Celebrated underwater photographer Bob Halstead has been diving and taking underwater images since the late 1960s. Halstead has won many awards, including the 1983 Australasia Underwater Photographer of the Year. He was inducted into the International Scuba Diving Hall of Fame in 2008. We sat down with Halstead in September at the Heron Island Dive Fest in Queensland, Australia, where Bob was presenting an underwater photography workshop.
Bottom Time: When and where did you learn to dive?
Bob Halstead: I escaped England and set out to explore the world in 1968. I got a teaching post as Head of the Physics Department at Queen’s College in Nassau, Bahamas, and the first thing I did was learn to dive. I bought a Nikonos 2 and started taking pictures soon after. I’ve always been fascinated by fish. In 1970, I was certified as a NAUI instructor (#2000), and in 1977, my wife Dinah and I formed Papua New Guinea’s first full-time sport diving business, Tropical Diving Adventures, based in Port Moresby. I haven’t wasted a minute since.
BT: You’re credited with discovering muck diving. Tell us about that.
BH: Muck diving is what I started calling the diving we did on black sand beaches in Milne Bay, Papua New Guinea. My divers would say, “We paid a lot of money—we don’t want to dive there,” but I promised them that we’d be searching for exotic creatures. And now of course, people pay a lot of money to do muck diving! A sanddiver fish, Trichonotus halstead, was named after Dinah and me in 1996, and in 2002, a goby, Lubricogobius dinah, was named after Dinah, and a new species of razorfish was named after me, Xyrichtys halsteadi.
BT: When did you build the Telita live-aboard?
BH: We ran adventure camp and dive safaris for about seven years and then realized we had to get a live-aboard to do these properly. We hired a naval architect and had the Telita built. The Telita was the first live-aboard dive boat. The inaugural trip was Christmas 1986 with Amos Nachoum. We lived on board the boat for 10 years—we explored everywhere, a great deal of it finding unexplored spots. We sold the boat to Mike Ball in the early 1990s.

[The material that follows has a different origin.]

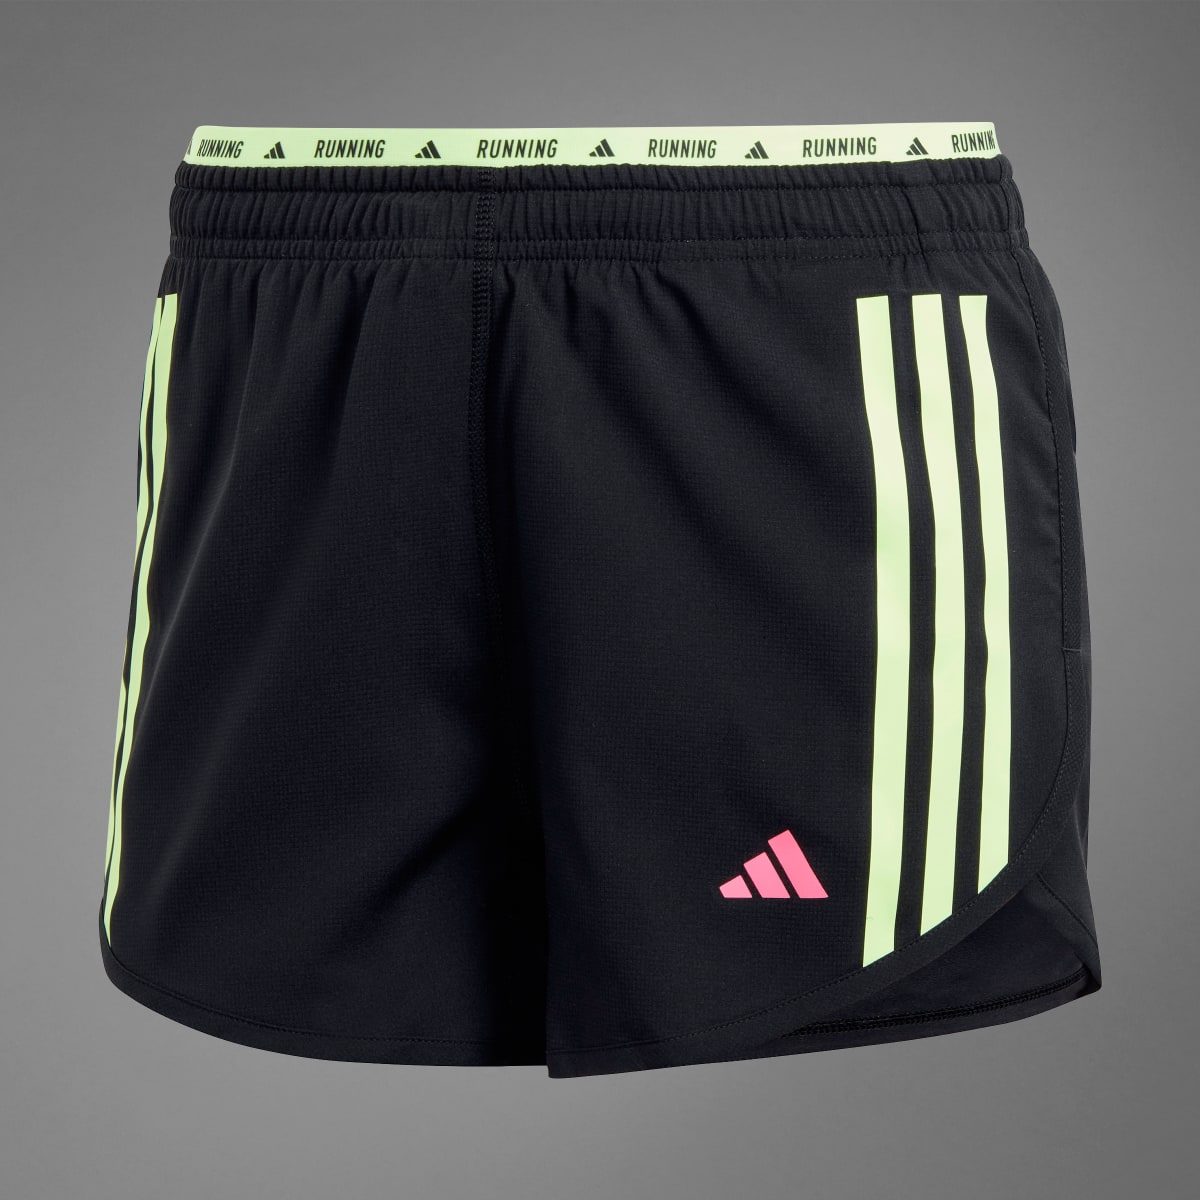 Adidas Own the Run 3-Stripes Shorts. 9

BT: What’s your best tip for a new underwater photographers:
BH: I like to tell them to become observers. The differences between some fish can be very subtle—sometimes, even they can’t even work it out! You’ll sometimes see two different species swimming together. Fish are very interesting animals and with patience and practice, you can get images that are also interesting.